**WORK INSTRUCTIONS**
Leaving out all pictures, copy the lines below exactly, from the line with "Creamy, cheesy, delicious" to the last line, both ends included.

**SUPPLIED MATERIAL**
'''
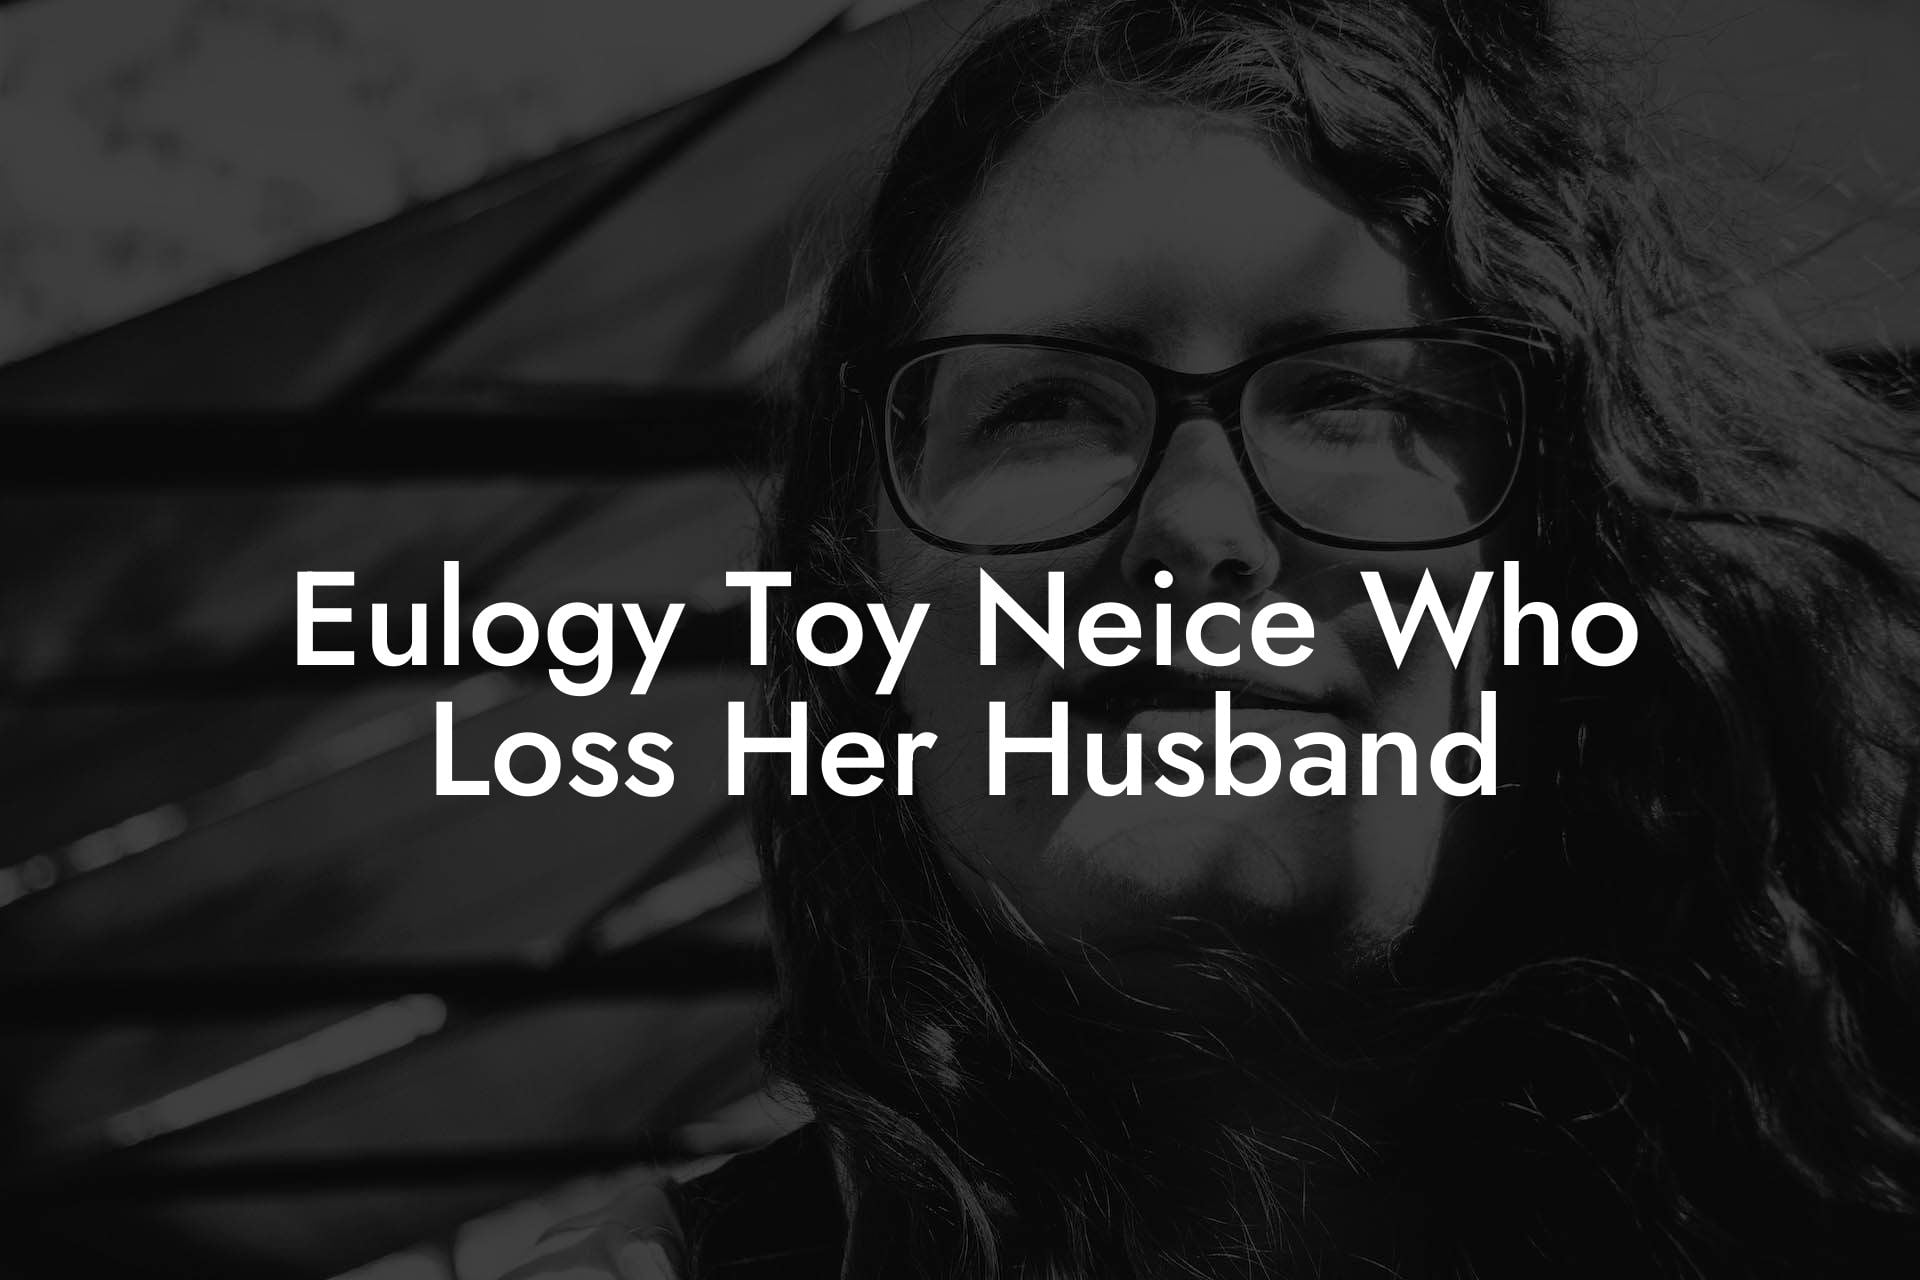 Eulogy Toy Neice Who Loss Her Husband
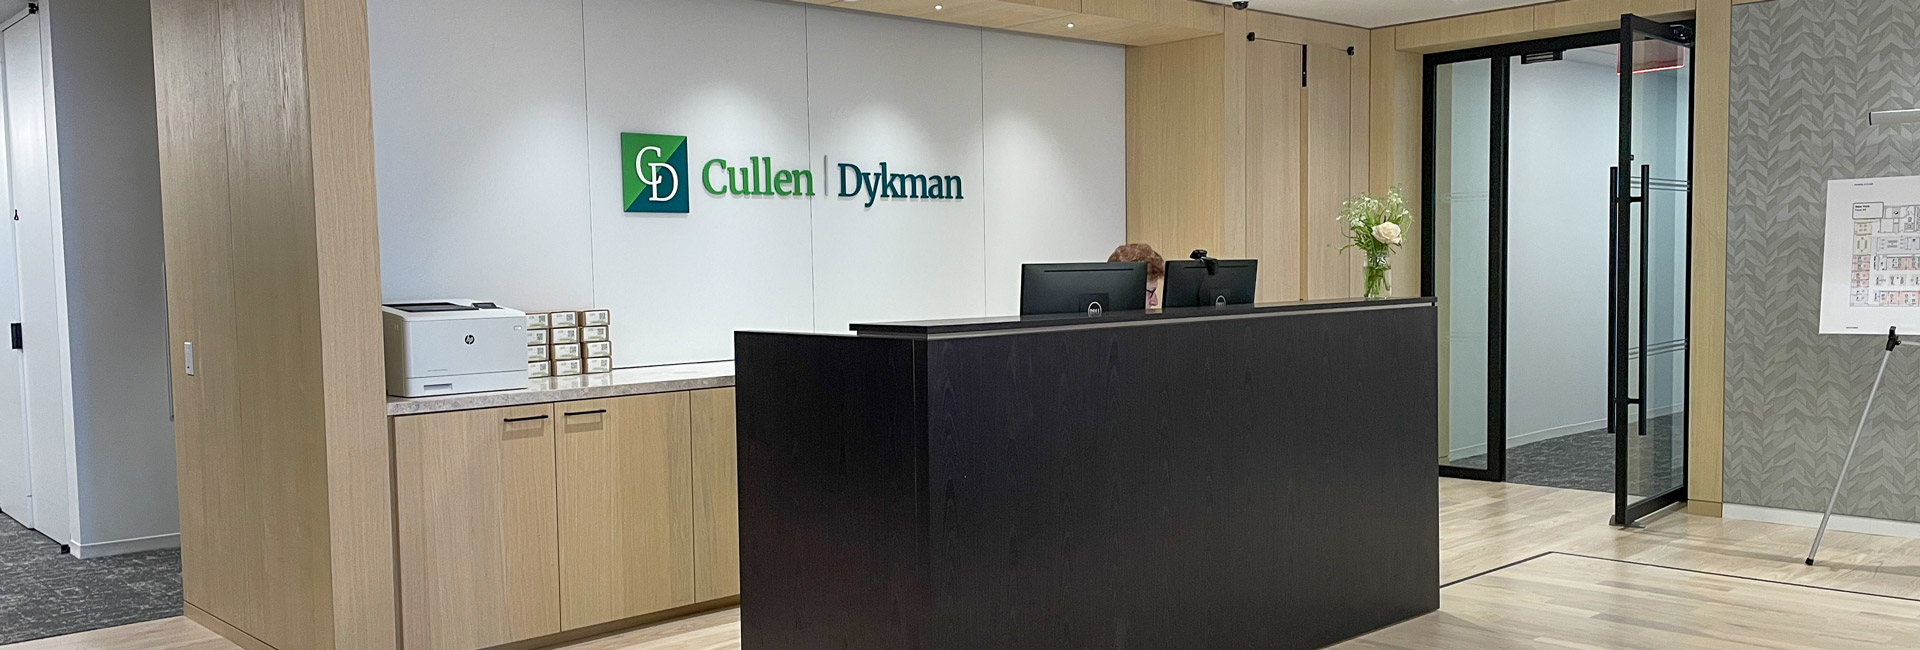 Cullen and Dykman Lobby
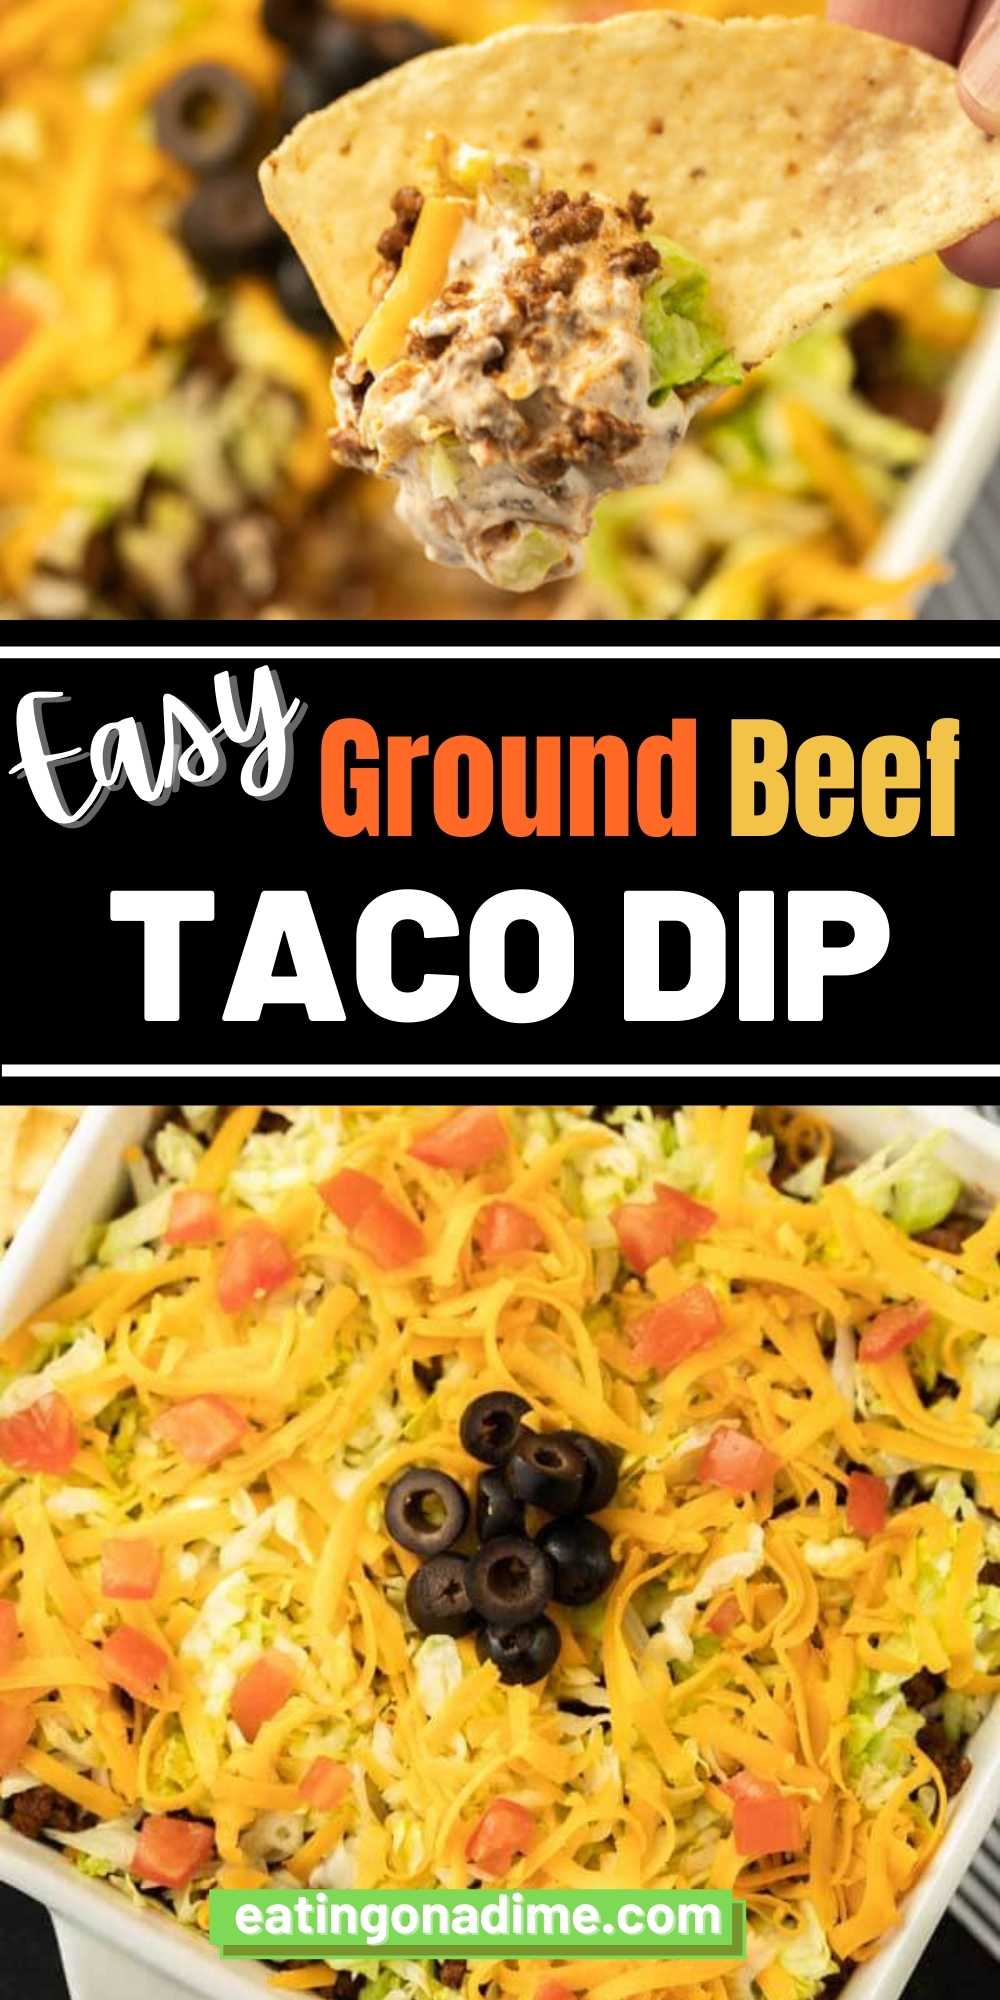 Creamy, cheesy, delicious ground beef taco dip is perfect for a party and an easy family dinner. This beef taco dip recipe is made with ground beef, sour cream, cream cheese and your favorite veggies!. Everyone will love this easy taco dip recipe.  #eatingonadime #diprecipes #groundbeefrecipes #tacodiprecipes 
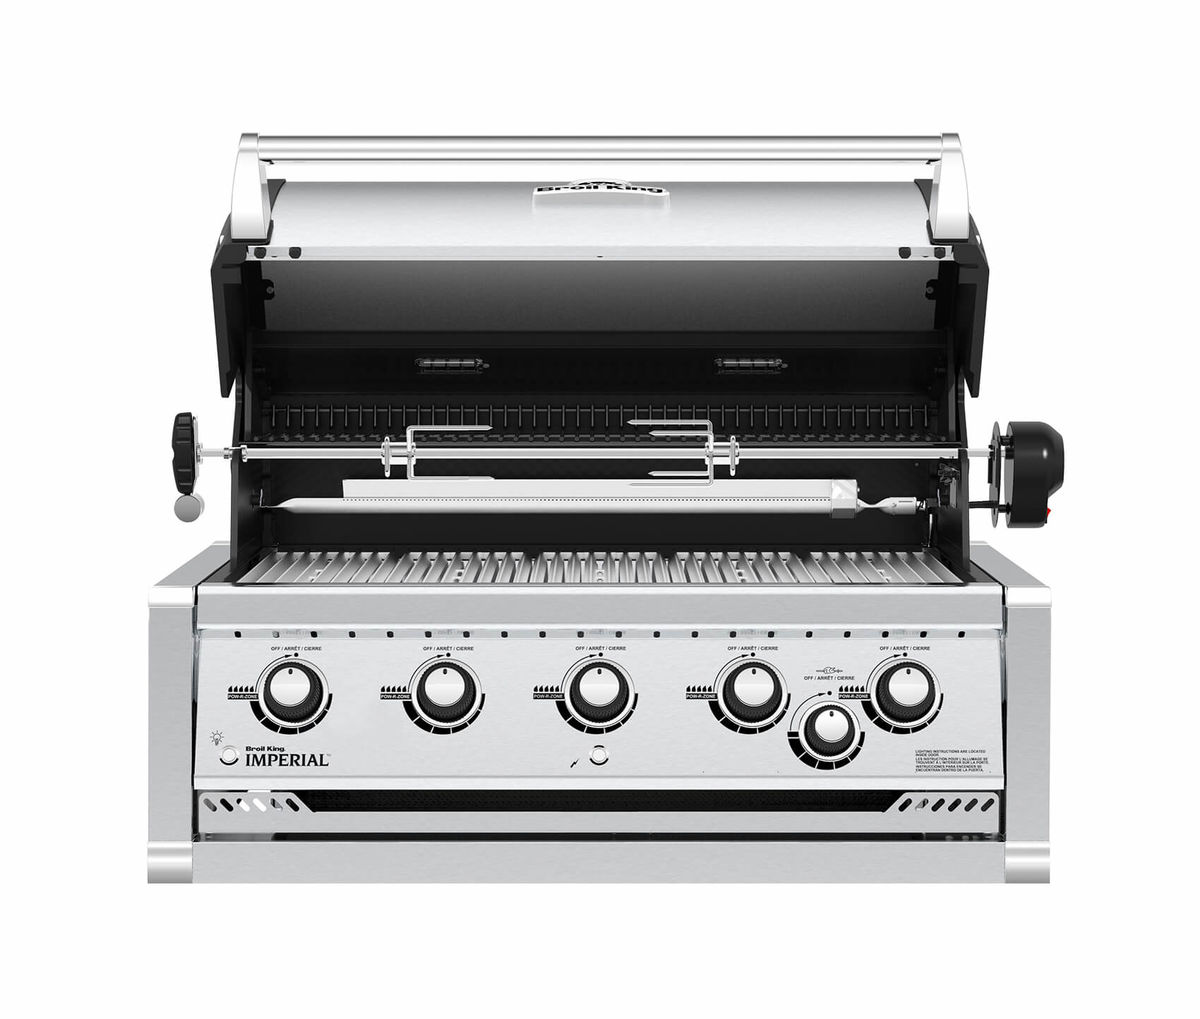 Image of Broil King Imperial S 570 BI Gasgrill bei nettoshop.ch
'''
**RESULT OF THIS EXERCISE**
 Creamy, cheesy, delicious ground beef taco dip is perfect for a party and an easy family dinner. This beef taco dip recipe is made with ground beef, sour cream, cream cheese and your favorite veggies!. Everyone will love this easy taco dip recipe.  #eatingonadime #diprecipes #groundbeefrecipes #tacodiprecipes 
 Image of Broil King Imperial S 570 BI Gasgrill bei nettoshop.ch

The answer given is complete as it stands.